__What the task requires__. Each line in the material below must be transcribed exactly; no picture belongs in the copy.

__Source material__.
+---+

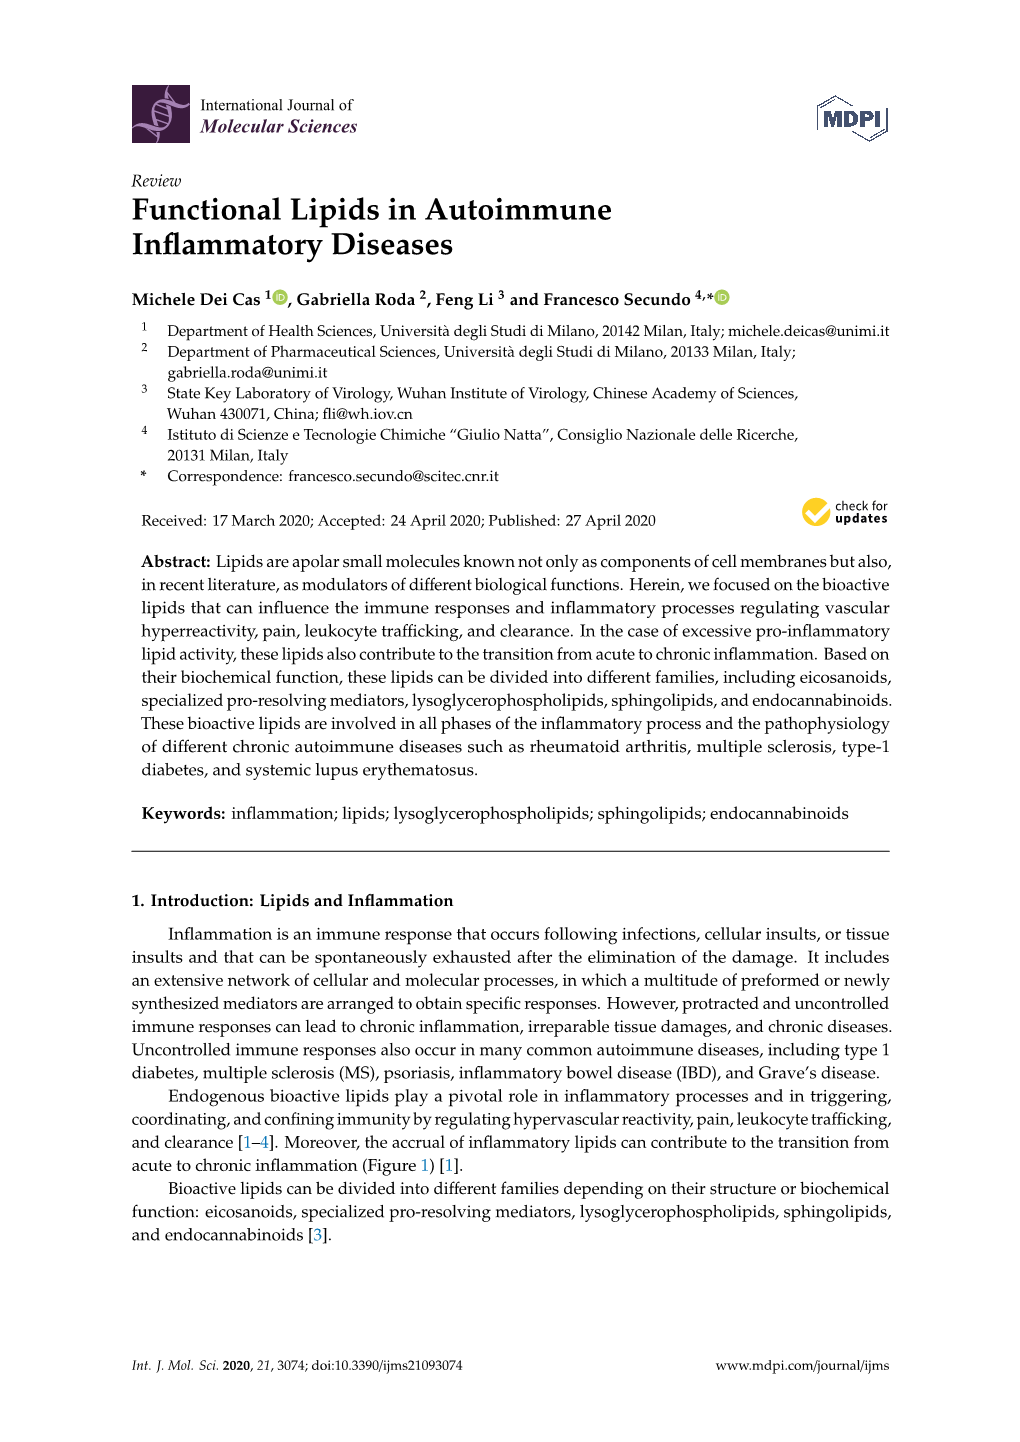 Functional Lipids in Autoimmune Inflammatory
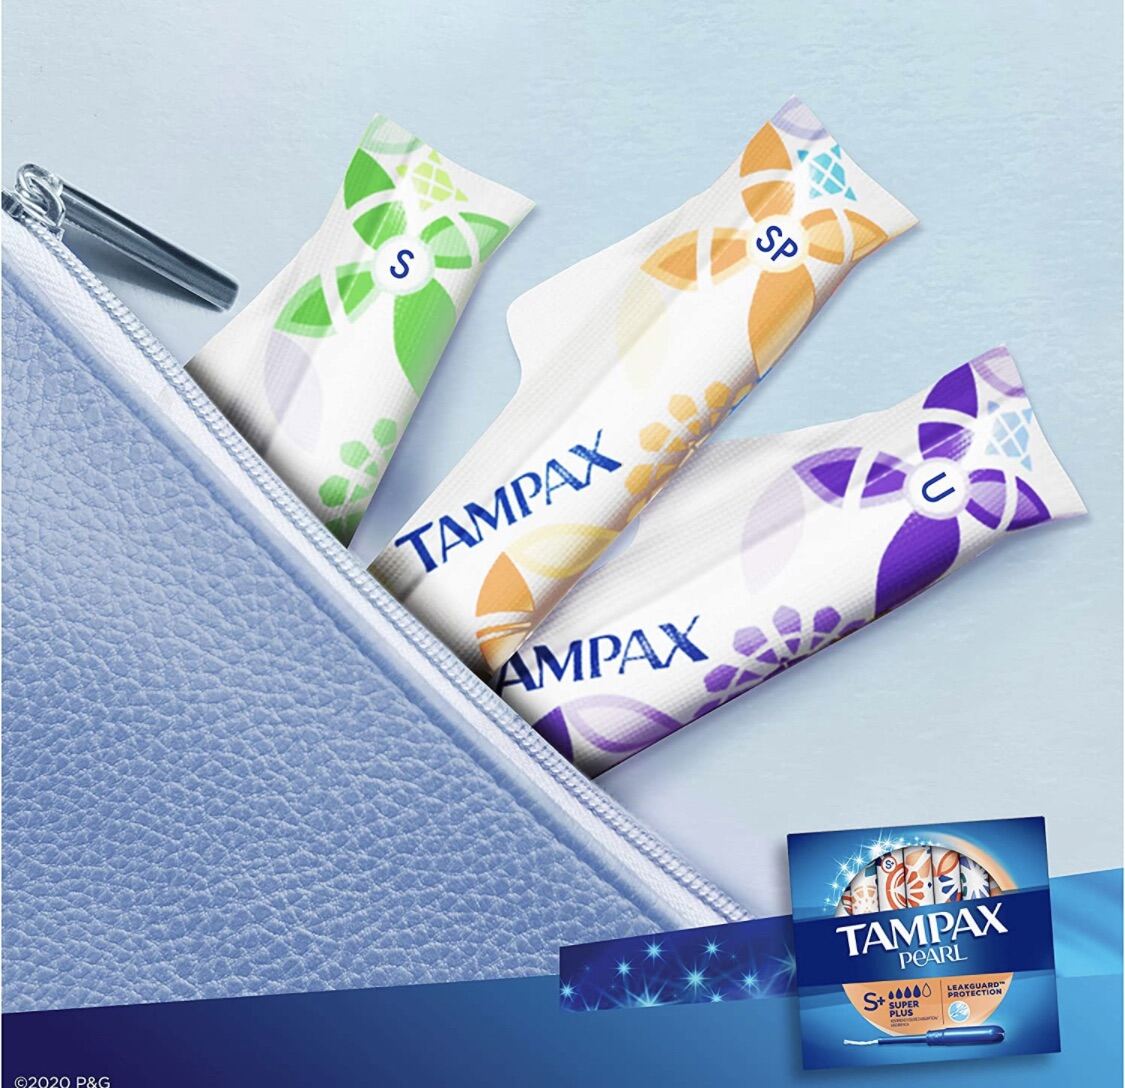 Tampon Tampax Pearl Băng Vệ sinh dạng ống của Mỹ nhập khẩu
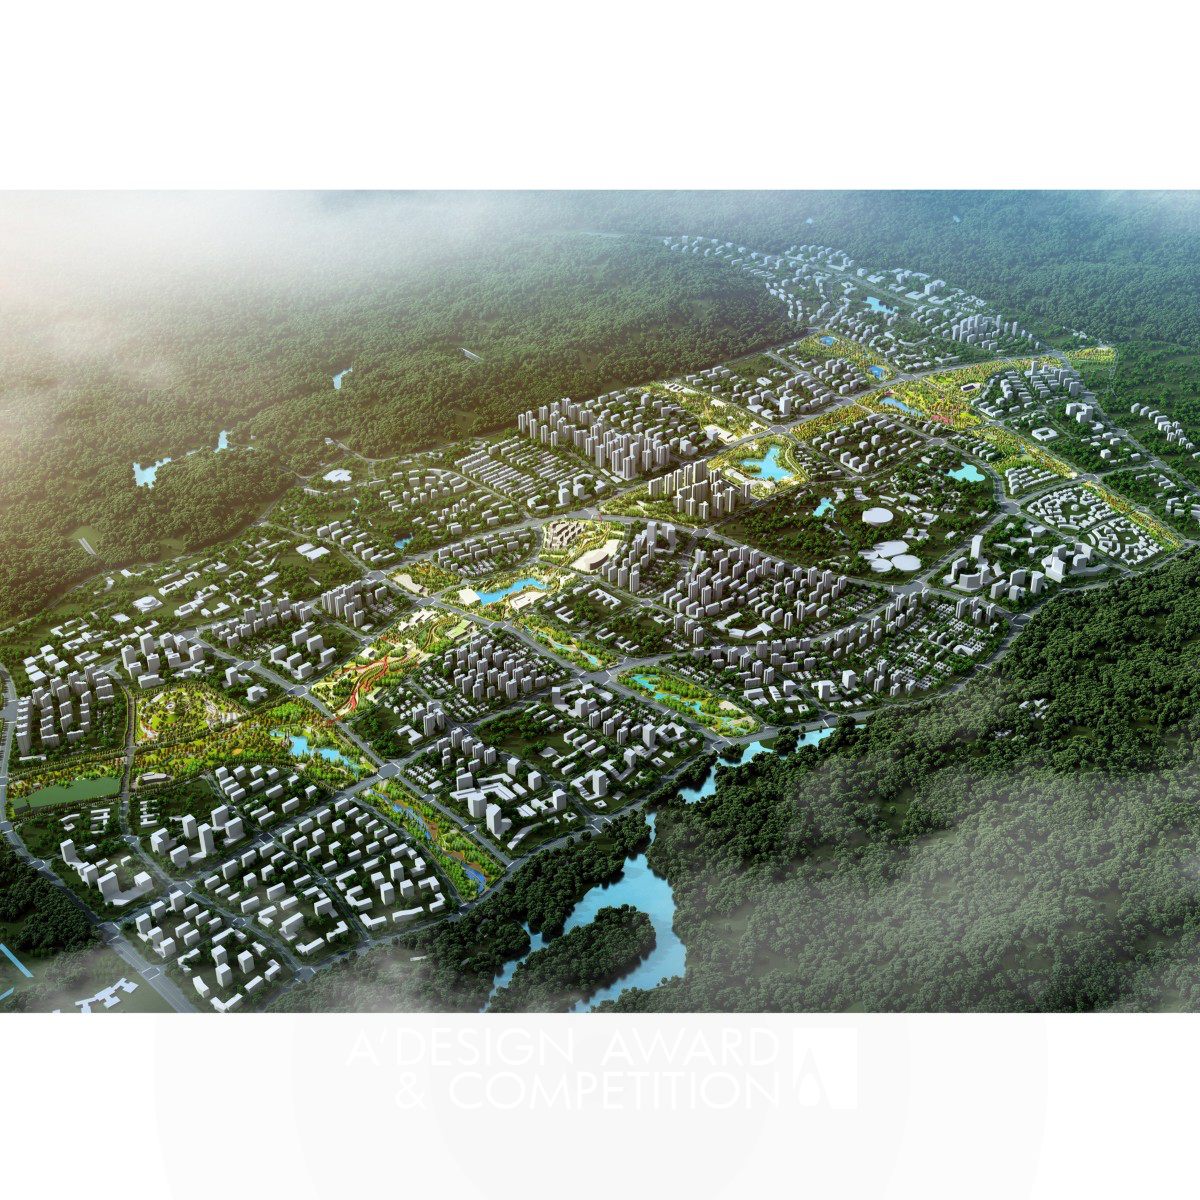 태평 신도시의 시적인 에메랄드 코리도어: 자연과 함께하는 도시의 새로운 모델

+---+

__Result for this exercise__.
 Functional Lipids in Autoimmune Inflammatory
 Tampon Tampax Pearl Băng Vệ sinh dạng ống của Mỹ nhập khẩu
 태평 신도시의 시적인 에메랄드 코리도어: 자연과 함께하는 도시의 새로운 모델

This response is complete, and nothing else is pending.